Retomando la parte inicial del presente escrito, retrotraigo un martes 18 de septiembre de 2001, a las 7 de la noche, después de pasar mi hermano Iván Antonio por un puesto de policía, ubicado en la calle y al frente de un árbol de Camajón en el barrio P5 de Monteria, a escasos 10 metros, la mesnada motorizada antes mencionada, lo impactó por la espalda, él, desesperado aumentó la velocidad del vehículo, pero al llegar al frente del Estadio de béisbol Eugenio Valdés, se le atravesó, pienso que intencionalmente un carro blanco, circunstancia que aprovecharon los sicarios para acribillarlo. Murió con los ojos bien abiertos, como mostrando su indefensión.
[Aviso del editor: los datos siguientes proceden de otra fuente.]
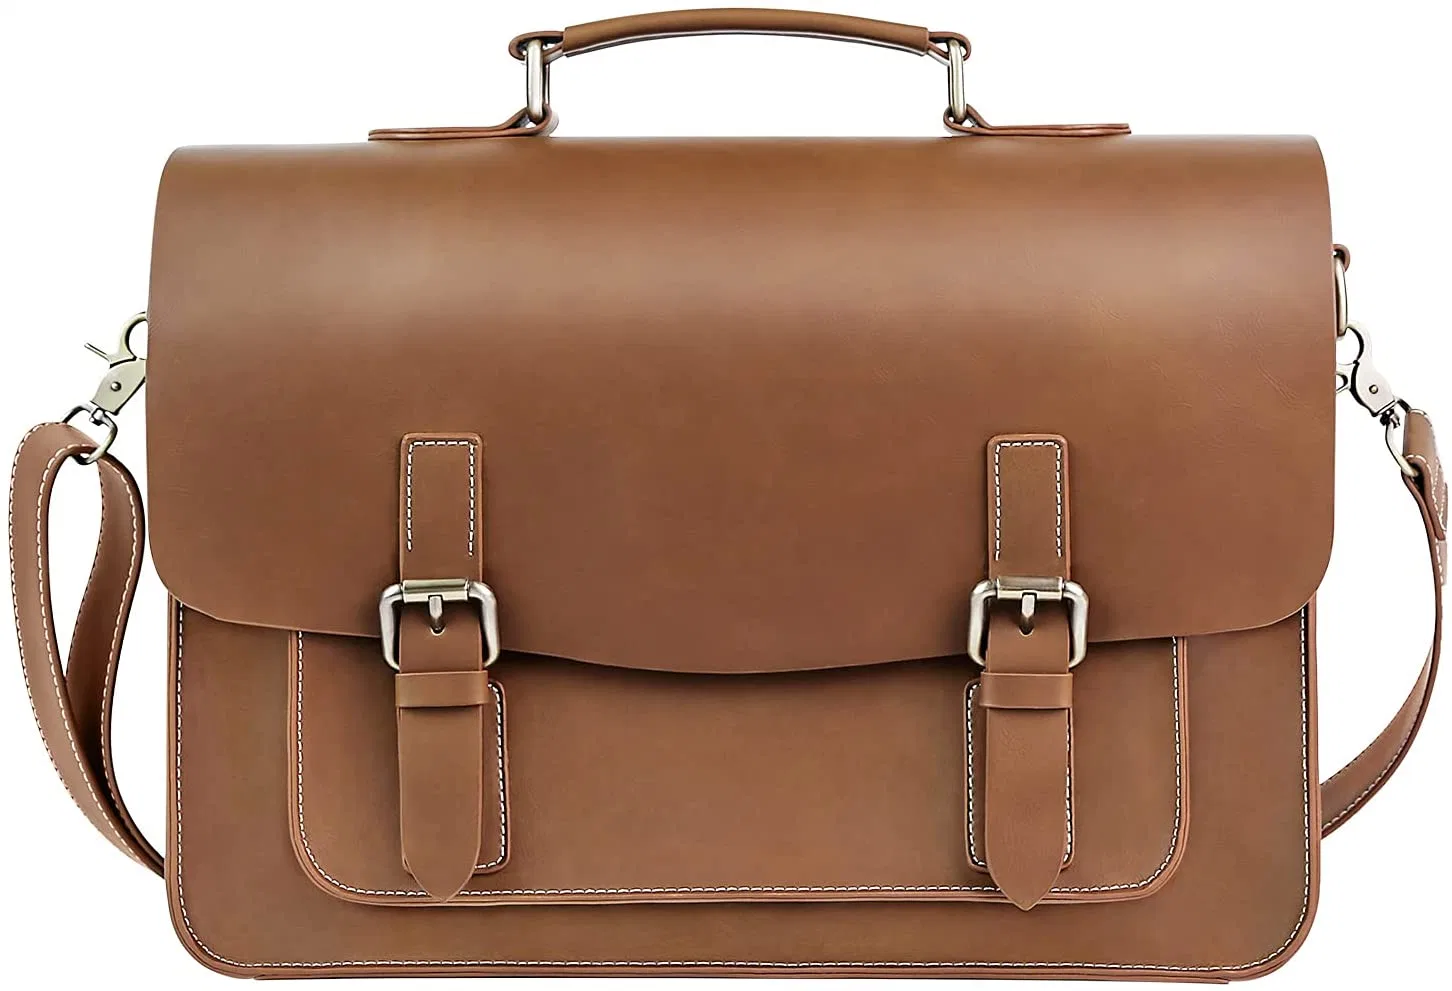 Mens Messenger Bag - Vintage Fashion 15.6 Inch Waterproof Leather Laptop Briefcase Large Satchel Shoulder Bag Computer Bag, Leather Laptop Bag

Cuentan que la gente le gritaba a los policías del retén antes mencionado: “lo van a dejar matar”; y lo dejaron matar y dejaron ir al carro y sus ocupantes, que no dudo eran parte del plan. Todo esto lo narré en mi declaración ante los investigadores judiciales.

A los 8 días del asesinato de mi hermano, el 26 de septiembre, la misma mesnada dirigida por “Visaje”, asesina al educador y en ese entonces Diputado a la Asamblea de Córdoba, Manuel Ruiz Álvarez, el cual el día anterior había estado en Puerto Libertado, y otros días atrás en Valencia, pudieron haberlo asesinado en esos lugares, pero no, prefirieron hacerlo frente a la entrada principal de la sede de ADEMACOR,  como para dejar un mensaje y una advertencia mortal.

Fue toda una época macabra, a otros compañeros y a mí nos tocó salir de Monteria por un tiempo, a Domingo Ayala, “alias el gato”, lo buscaban como un gato busca al ratón. Los campesinos con una resignación acostumbrada, decían como en la popular canción de autoría de Gildardo Montoya, interpretada por  el acordeonero Enrique Díaz: “La muerte viene a caballo, allá se oye galopando quiero que llegue a mi rancho, allí la estoy esperando”.

A casi 16 años de tu asesinato, hermano Iván, quiero decirte que sigues vivo, en los únicos lugares donde siguen vivos los muertos, son lugares invisibles y maravillosos, propios de la naturaleza humana, esos y sólo esos son: el pensamiento, la memoria y los recuerdos que de ti tenemos; quienes te queremos y amamos mientras tengamos un hálito de vida.

Te comento hermano, que nuestra madre está viva, cumplió 88 años, tiene una foto grande tuya enmarcada al frente de su cama, todos los días y a cada momento te ve, así como yo también, cada vez que entro a su habitación que es frecuente, yo me imagino lo que ella sufre cuando te ve, a veces la encuentro triste y se calla su dolor, que es el dolor de toda su vida . Tus hijos están bien, todos son profesionales, Iván Camilo, se parece mucho a ti, parece que lo hiciste con el pincel de Picasso. Sonia, tu esposa se ha quedado sola, con la compañía de su hijo Juan. Del pueblo colombiano, quiero decirte, que una cosa es lo que constitucionalmente está  establecido que es, y otra es la realidad.

El pueblo de Colombia, en verdad, no ejercita su poder soberano; nos rige el modelo económico neoliberal y el modelo político neoconservador. De lo que viene después de la desmovilización de las FARC , de la negociación con el ELN de la actual coyuntura política, son sólo elucubraciones, deseos, “pajas mentales” y muchos interrogantes.